━━ Task inputs ━━
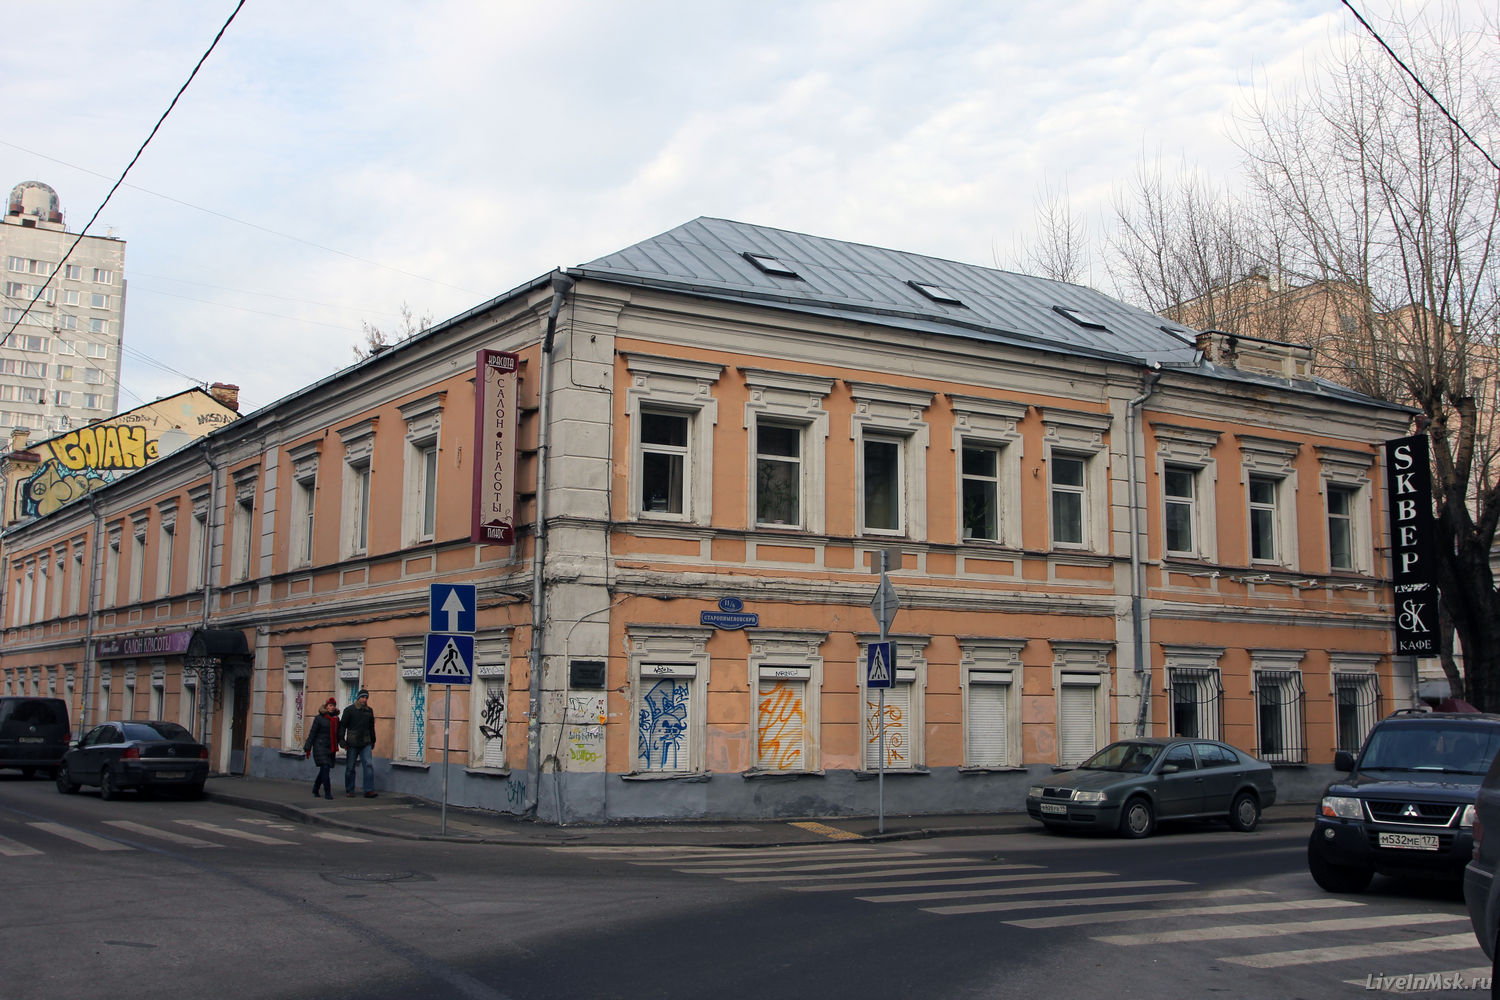 Палаты в Старопименовском переулке, фото 2014 года
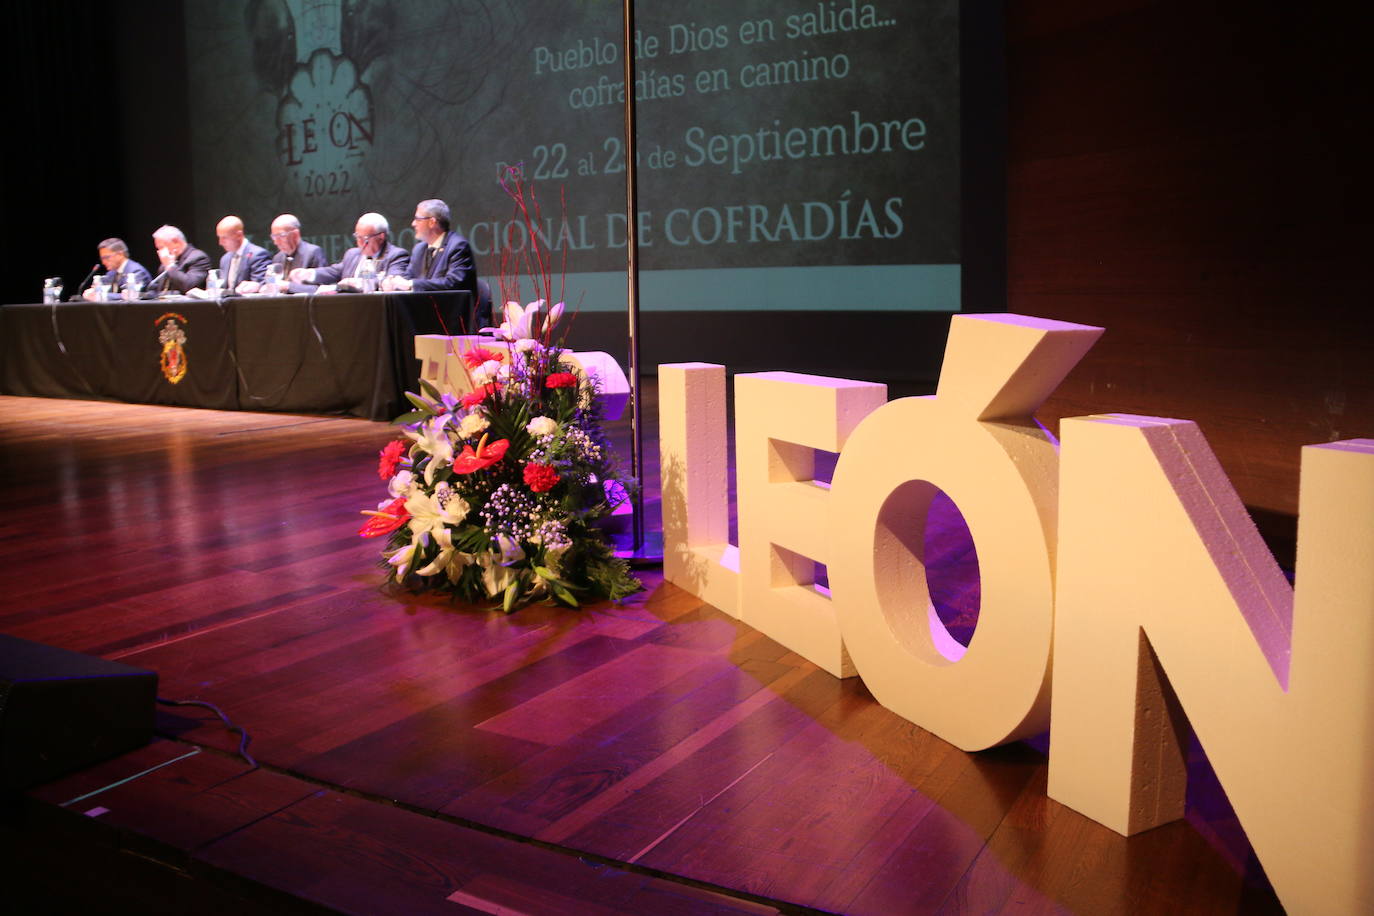 Inauguración del 33 Encuentro Nacional de Cofradías Penitenciales en el Auditorio de León. 
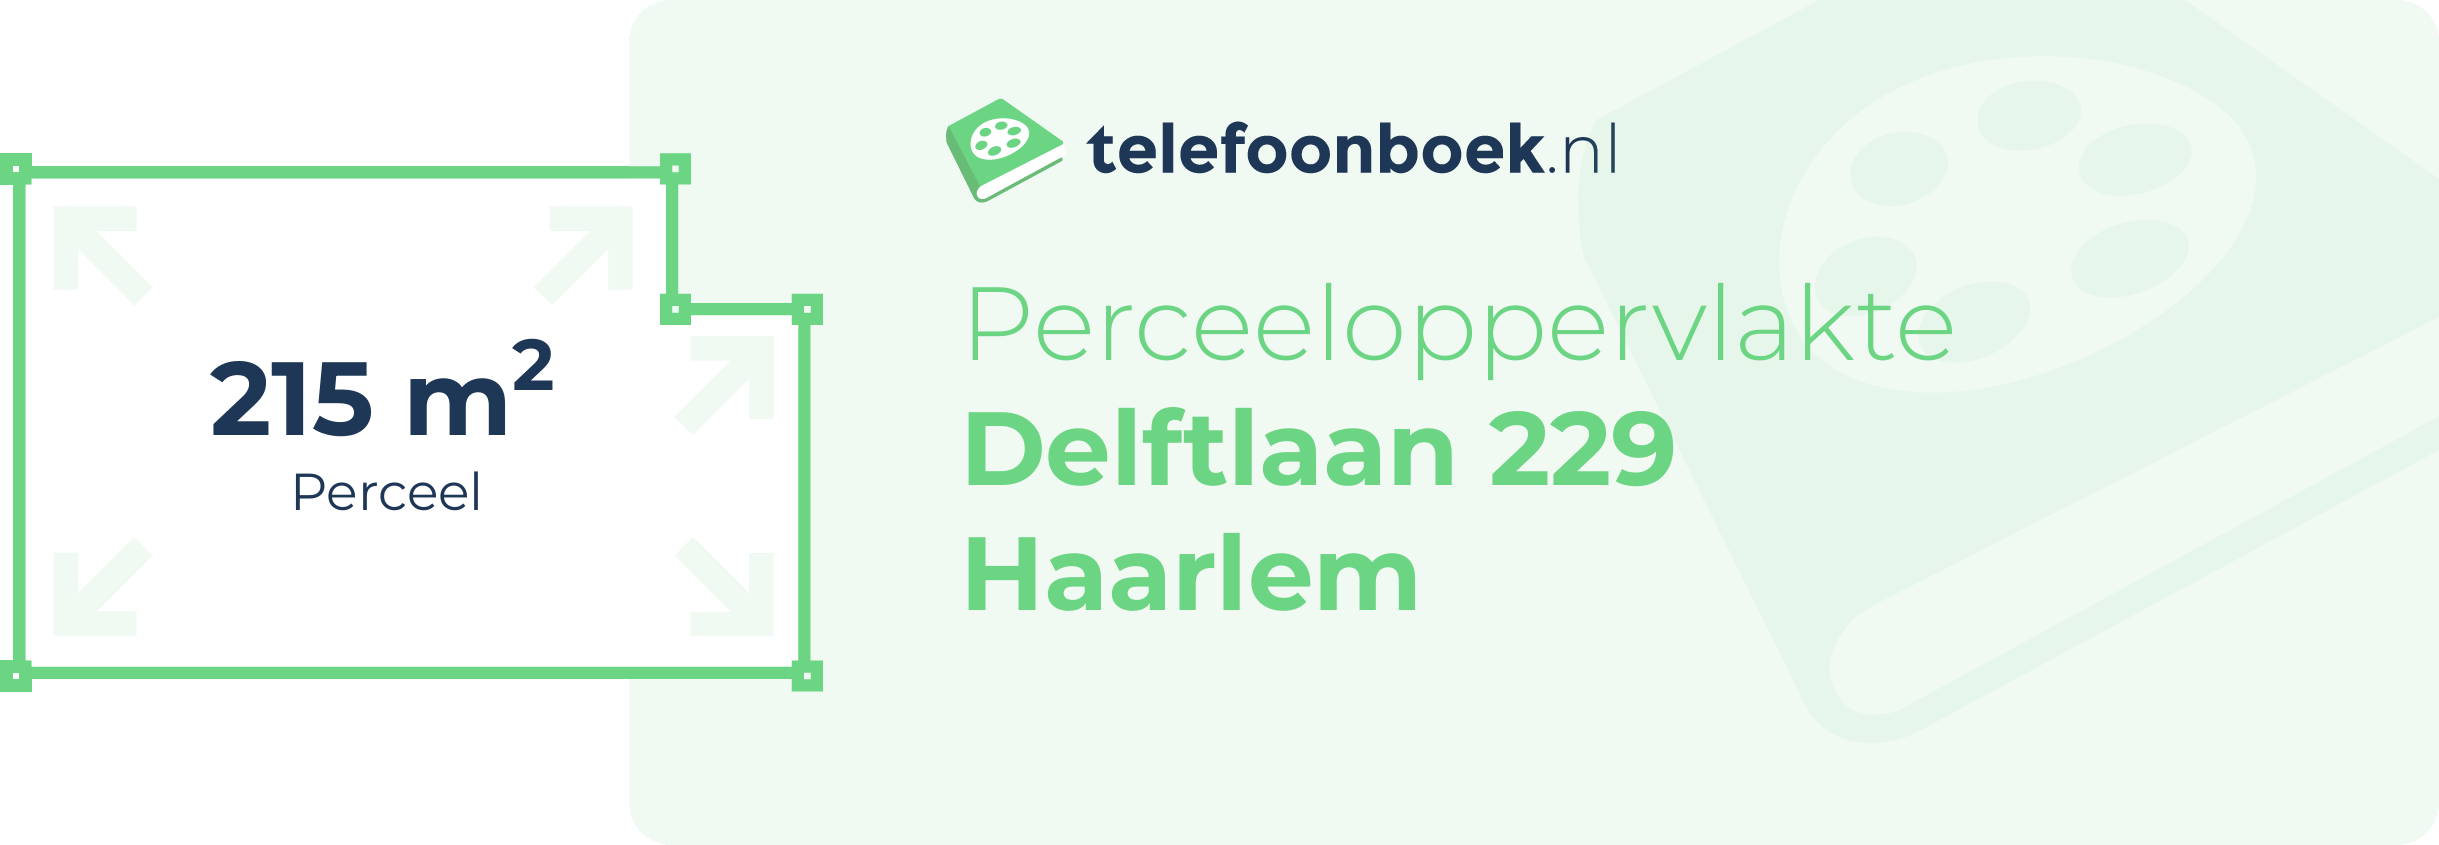 Perceeloppervlakte Delftlaan 229 Haarlem
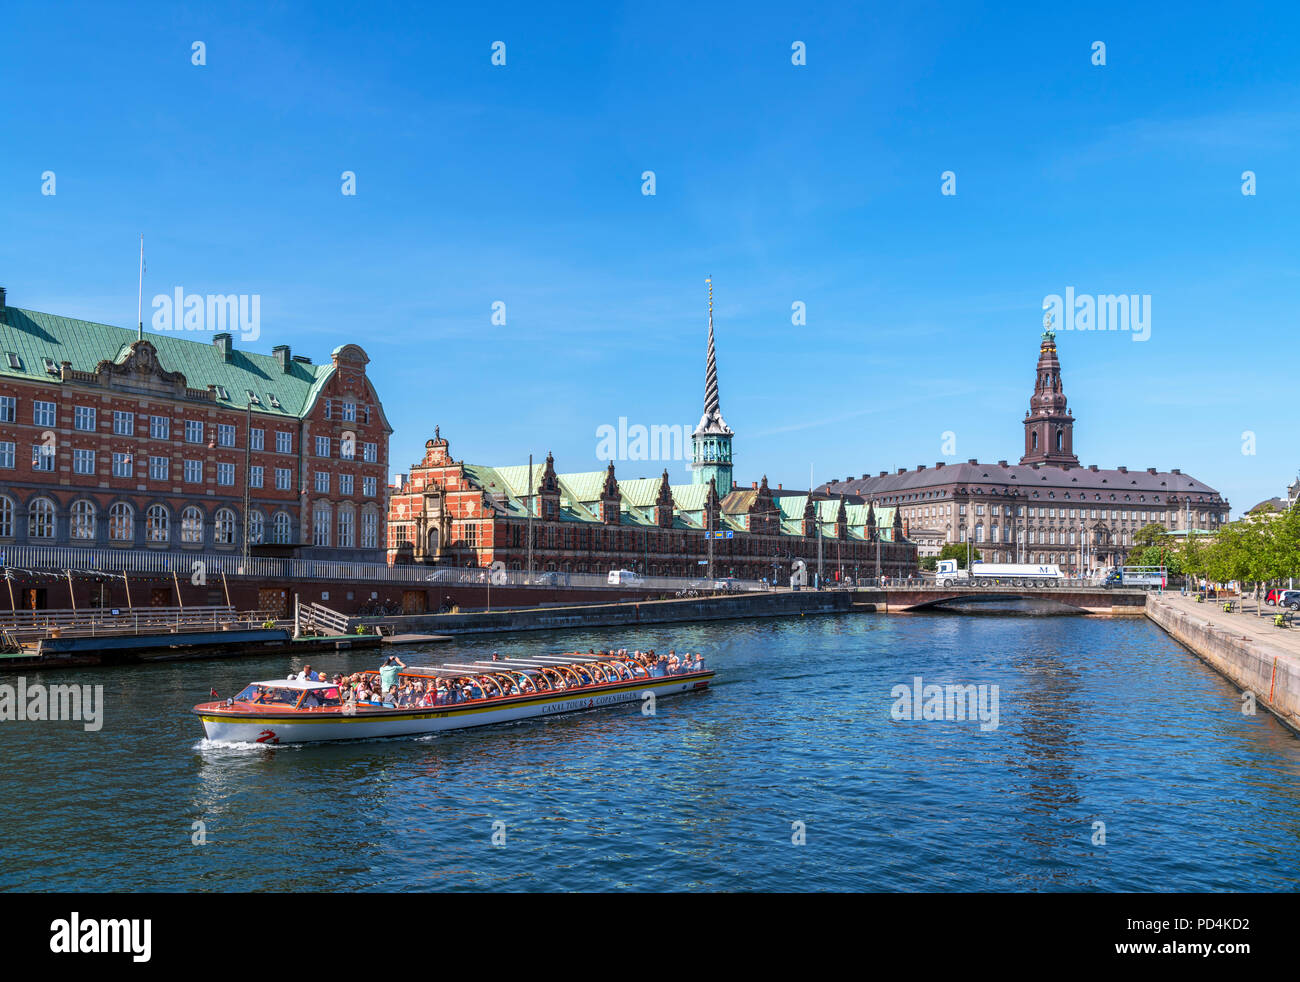 Crucero por el río en canal Slotsholmens mirando hacia la Børsen (la Bolsa) y Christiansborg Slot (Christiansborg Palace), Copenhague, Dinamarca Foto de stock
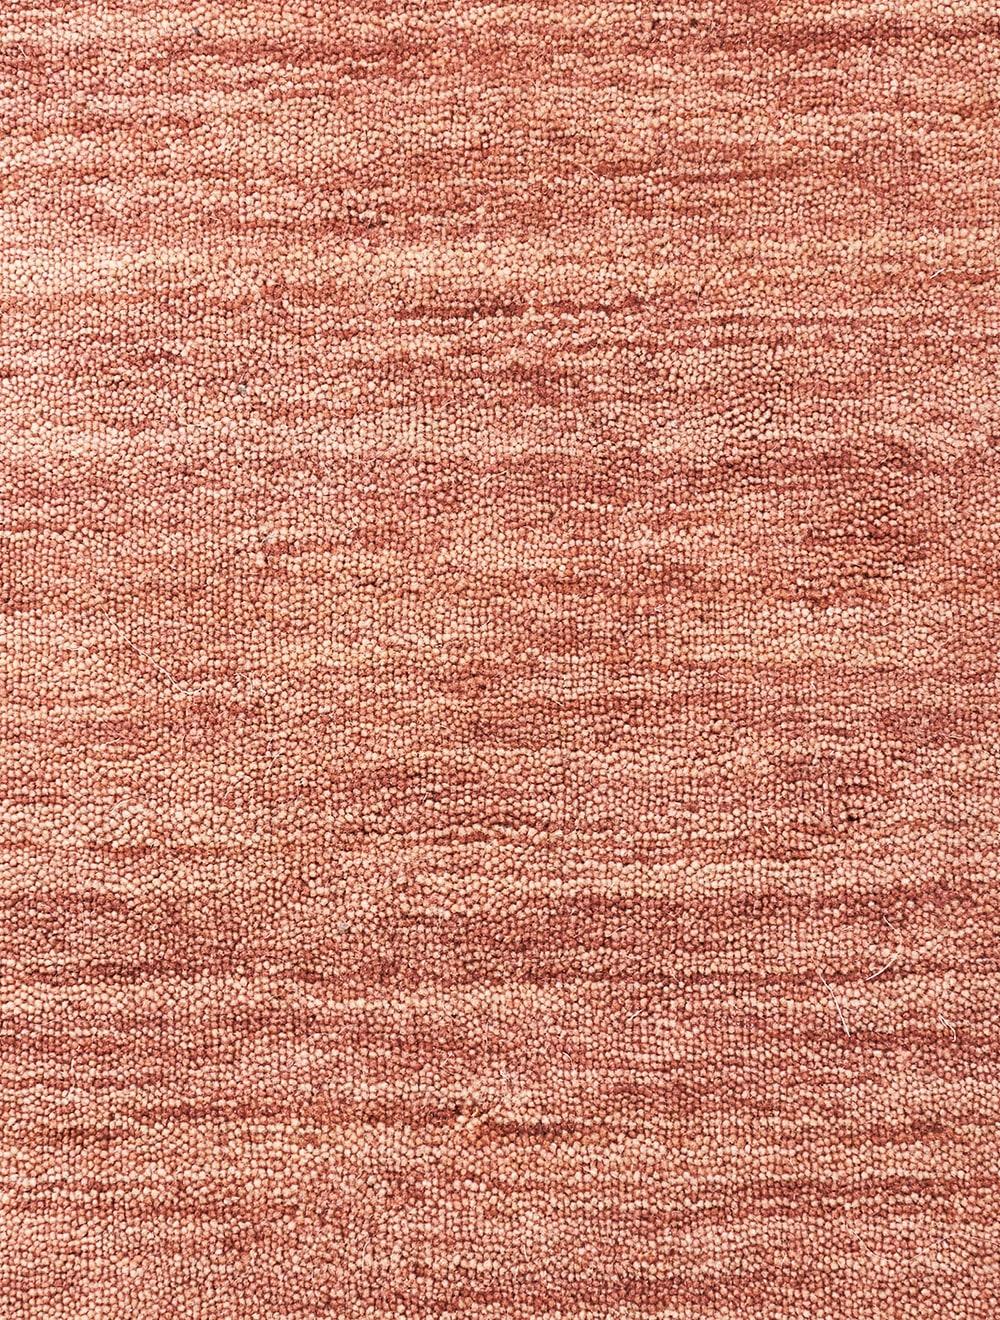 Post-Modern Blush Earth Carpet by Massimo Copenhagen For Sale
━━━
**Exercise objective:** Every entry above has to be repeated exactly, apart from its pictures.

**Result of this exercise:**
 Палаты в Старопименовском переулке, фото 2014 года
 Inauguración del 33 Encuentro Nacional de Cofradías Penitenciales en el Auditorio de León. 
 Perceeloppervlakte Delftlaan 229 Haarlem
 Crucero por el río en canal Slotsholmens mirando hacia la Børsen (la Bolsa) y Christiansborg Slot (Christiansborg Palace), Copenhague, Dinamarca Foto de stock
 Post-Modern Blush Earth Carpet by Massimo Copenhagen For Sale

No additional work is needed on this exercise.